There is a lot of richness to recommend these two parables Jesus tells. There is the fact that Jesus is telling these parables to tax collectors and sinners about their welcome in the kin-dom of God, much to the chagrin of the grumbling Pharisees. There is the fact that God is described in images so relatable to the audience, including an image of God as a woman, the persistence of the search that embodies such tenderness, concern, and a love that is unrelenting and never gives up.
Yet there are some thorny theological questions if we probe further into these parables of Jesus. In a straightforward unpacking of these parables, we assume that God/Jesus are the shepherd and the woman with the broom. Though, unsurprisingly, in the history of interpretation of these parables God is easily associated with the shepherd and the father in the “prodigal son” story, but much less often is the woman with the broom identified as a stand-in for God. If then, we are to read ourselves as the lost sheep or the lost coin, does this mean that God can lose us? That is not a depiction that sits well. Is God then careless with us, if we can get lost?

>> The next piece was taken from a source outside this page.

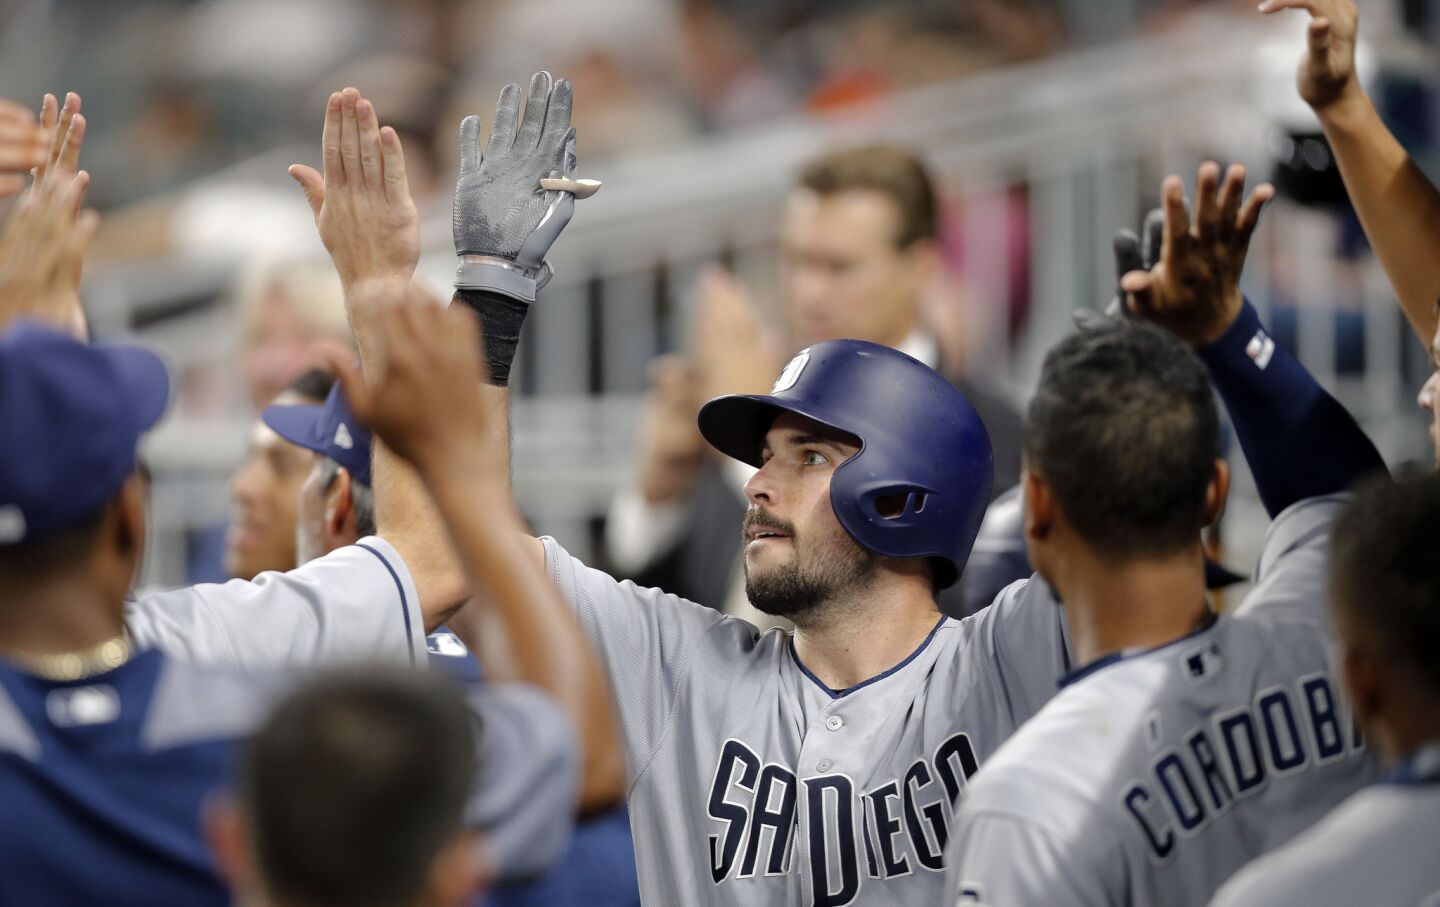 After an 0-for-24 start, C Austin Hedges is 6-for-15 with two homers, two doubles and three RBIs. 3B Ryan Schimpf also has two homers over his five games, as well as six walks against four strikeouts, while 1B Wil Myers is 7-for-20 over his last five games.

Meanwhile, there is a discrepancy in the parables themselves with the meaning that Jesus’ ascribes to them. In the parables, God seeks us out from where we are lost. God has agency, takes action. A coin cannot unlose itself; maybe a sheep has a better chance at it, but still, the parable doesn’t describe a sheep trying to find its way. In fact, we sometimes use “sheep” to describe the opposite: someone who just follows the lead and doesn’t seek their own path at all. So God acts to find the lost.
In summary, however, Jesus states that a sinner who repents brings as much joy as these lost items do when found. Here, it is the sinner doing the repenting, the turning back towards God, not God’s seeking action towards us.
Parables often bring up more questions than they answer, which is part of their beauty. I do not have answers for all the questions that these parables raise for us.
I do wonder what happens if we shift our assumptions about who is represented by who or what in these parables. I admit that there is something immensely comforting about a depiction of God who searches us out when we feel completely lost. And that too—the feeling of being lost, alone, apart from where we belong—that too is strongly descriptive of a feeling we all experience at times in life.
What if, instead of reading God as the shepherd and the woman, we cast ourselves in that role? What does that do to how we read these stories?
All of a sudden, we are the ones looking over the community and asking: “what is missing?” or “WHO is missing?” We become the ones in the position of seeking out and searching for those who have been left outside of the embrace of community, those who have been told they do not belong. We become the ones who are tasked with noticing who is here and who is not. Whom have we forgotten to count?
Of late, I have tried to pare back on my use of the word “include” or “inclusion.” It has connotations of us being the inside group and “we shall deign to include you; look at how magnanimous we are to invite you into our special club.” So too, even as we envision ourselves as the shepherd and woman with the broom, the picture is not that others are lost and we have the answer. Instead, it is about belonging. We can belong to one another. We belong to God and to the earth. Belonging—unlike inclusion—has that element of mutuality.
Each person who comes in belongs, and in fact, is indispensable to the wholeness of the community. As the Biblical scholar Amy-Jill Levine notes: it is likely that this is closer to how Jesus’ audience would have heard these parables because they affirmed that God could never lose us. Just look at the Psalms: “Where can I go from your presence? If I ascend to the heavens you are there, if I descend to the earth you are there.” And they would have found the idea of repenting sheep or repenting coins rightfully ridiculous.
This parable then invites us to look around and ask: “whom have we overlooked?” “Who is missing?” “Whom have we taken for granted or forgotten to count?”
Amy-Jill Levine and her co-authors on the book Who Counts? come back in each of these parables to the refrain: “Without you, something is missing.”
Without you, something is missing. The ten coins are not whole with only nine. The 100 sheep are not complete with just ninety-nine. We can even extrapolate upwards—what if we added another coin? Now all of a sudden, the wholeness expands to eleven, to twelve, to more. There is always room for more belonging.
That is a joyful message indeed. That each of our presence and voice makes for wholeness that would otherwise not come together. There is joy in knowing that there is no end to belonging to and with God, to and with community. And when things that feel lost are found, there is joy in that too: renewed sense of hope; faith found; wonder rediscovered; community brought home to itself.
I want to ask you to turn to your neighbor and tell them: “without you, something is missing.” We all need that reminder from time to time, AND we are all called to be bearers of that reminder to others: “you belong,” “you matter.” Whether we are in this space or not, we carry that truth and are called to spread it. Without you, something is missing. Amen.